Brief — Only one stretch of the data is wanted: the line containing "Your brand name", the line containing "Curious seagull in the summer sun", and every line between them, copied exactly.

Dataset —
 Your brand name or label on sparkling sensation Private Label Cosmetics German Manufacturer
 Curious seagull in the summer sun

--

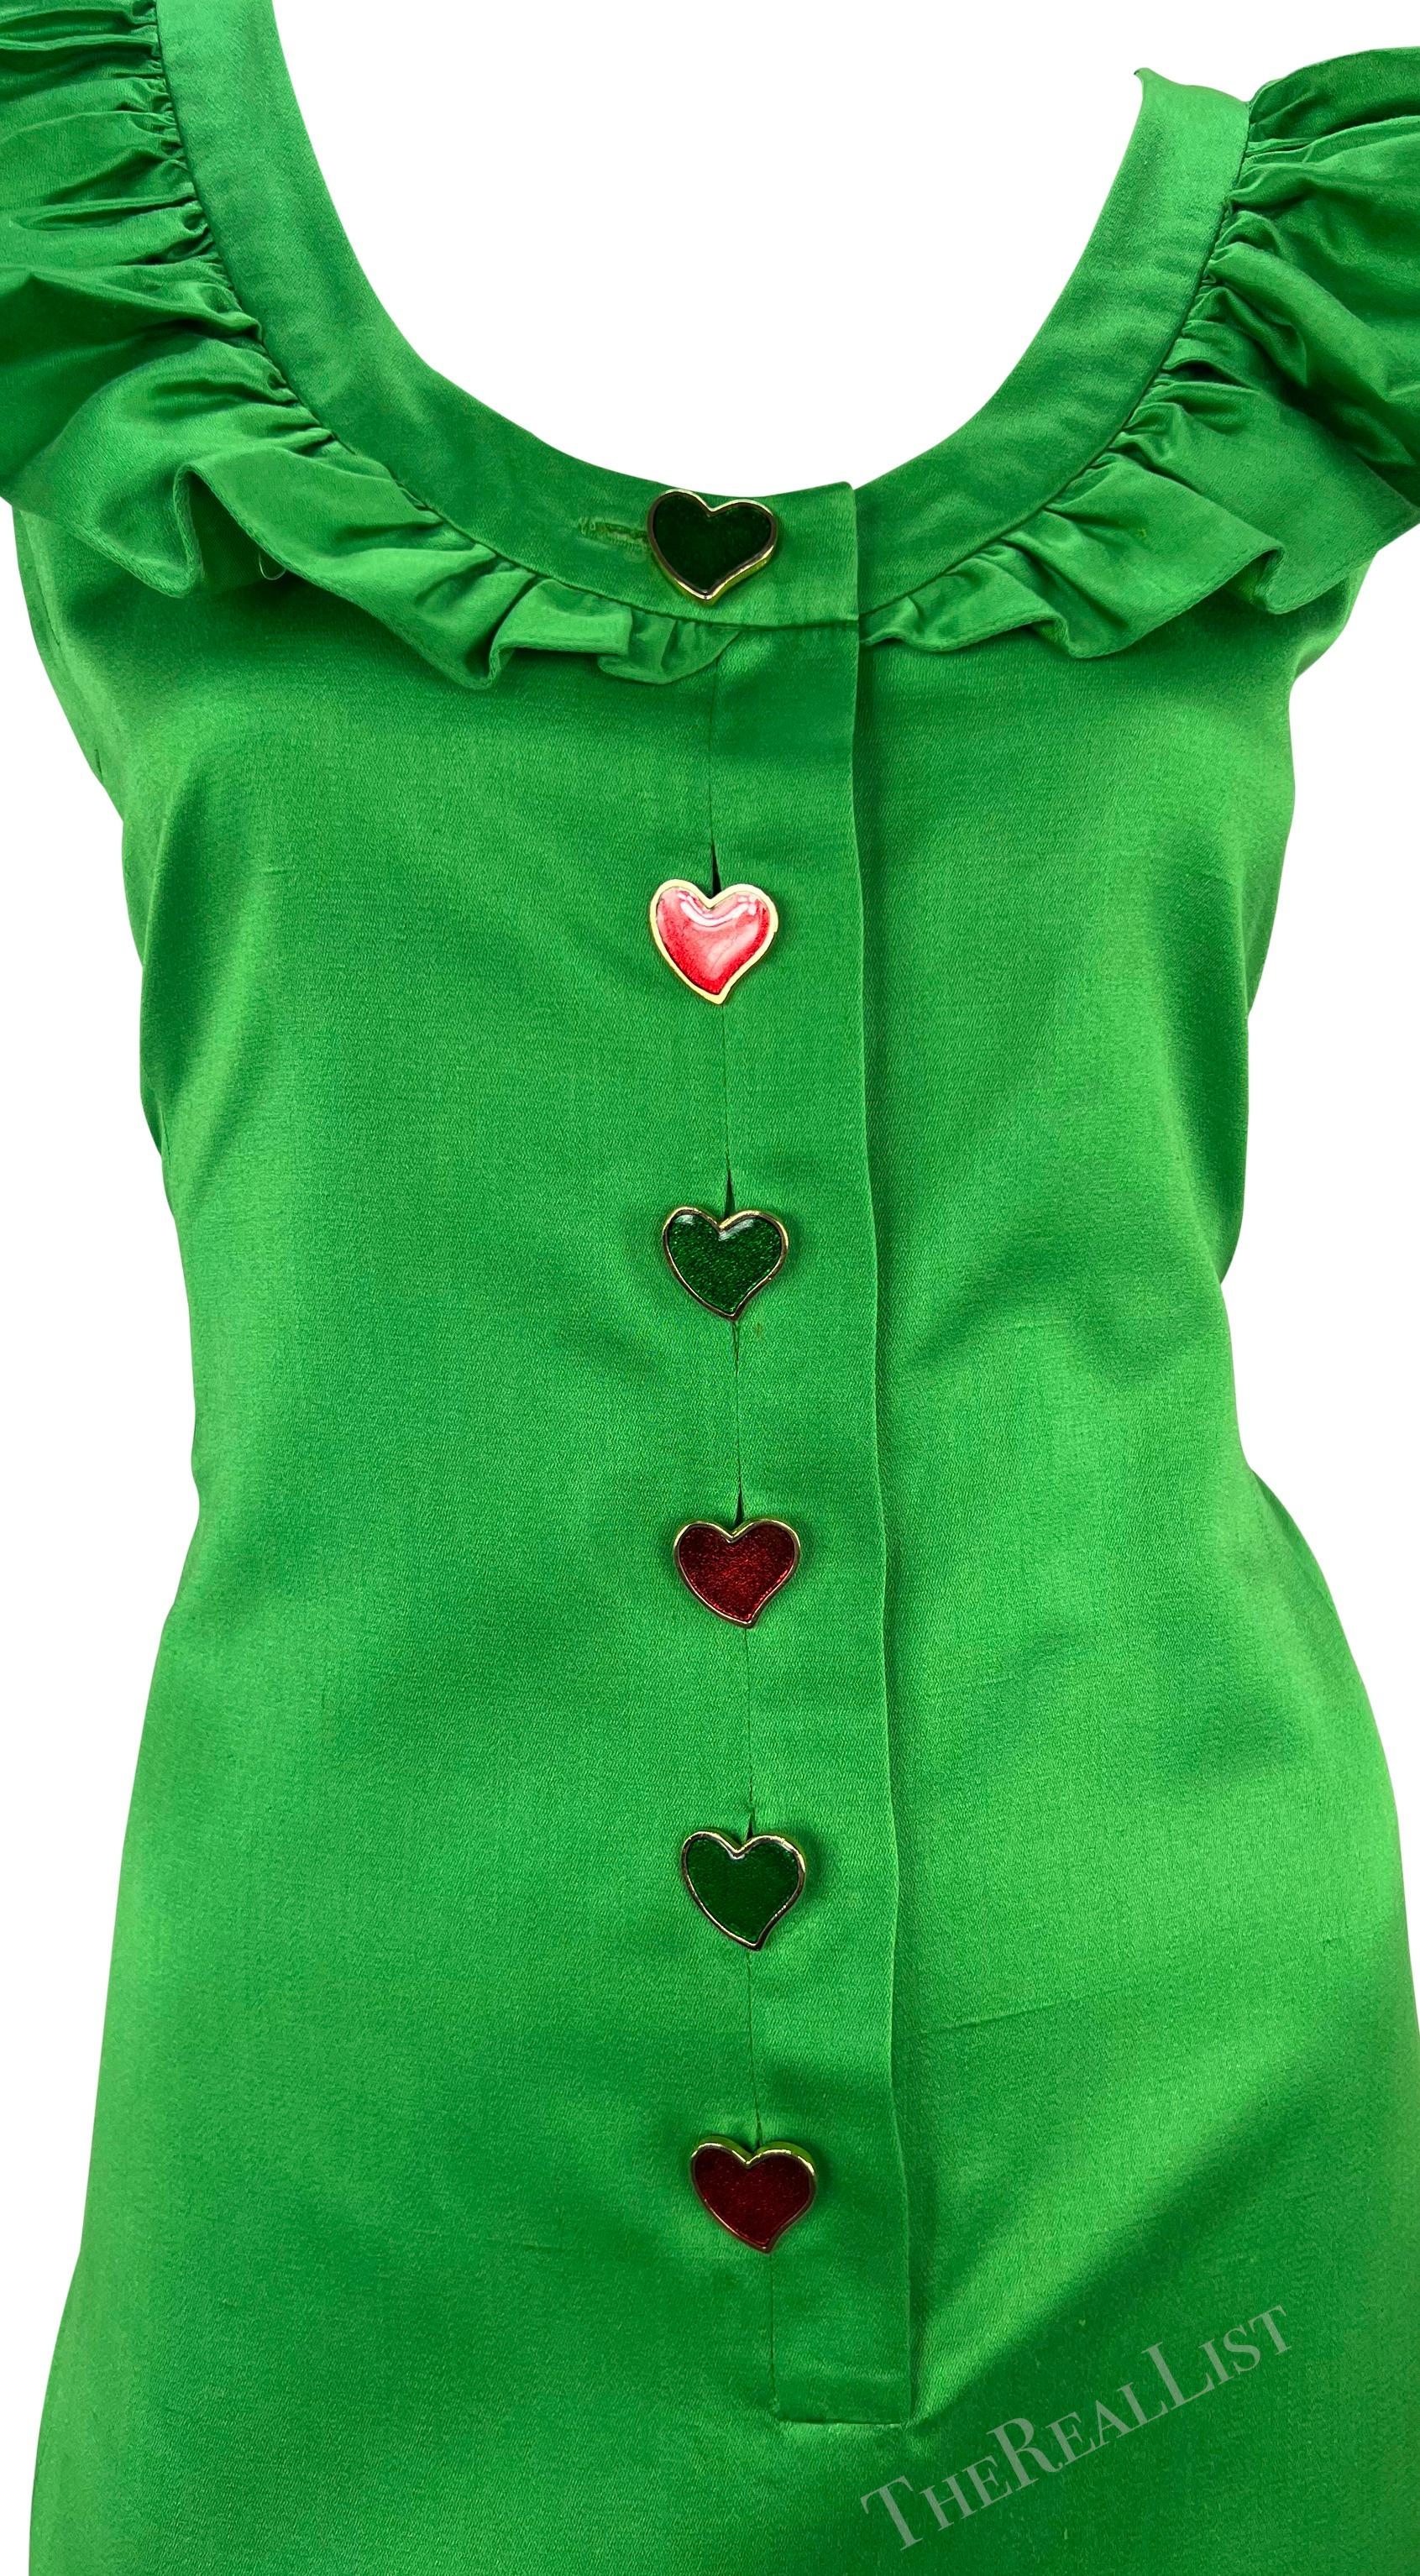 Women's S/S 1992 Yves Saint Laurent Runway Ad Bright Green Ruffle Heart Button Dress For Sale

Solution for this problem —
 Your brand name or label on sparkling sensation Private Label Cosmetics German Manufacturer
 Curious seagull in the summer sun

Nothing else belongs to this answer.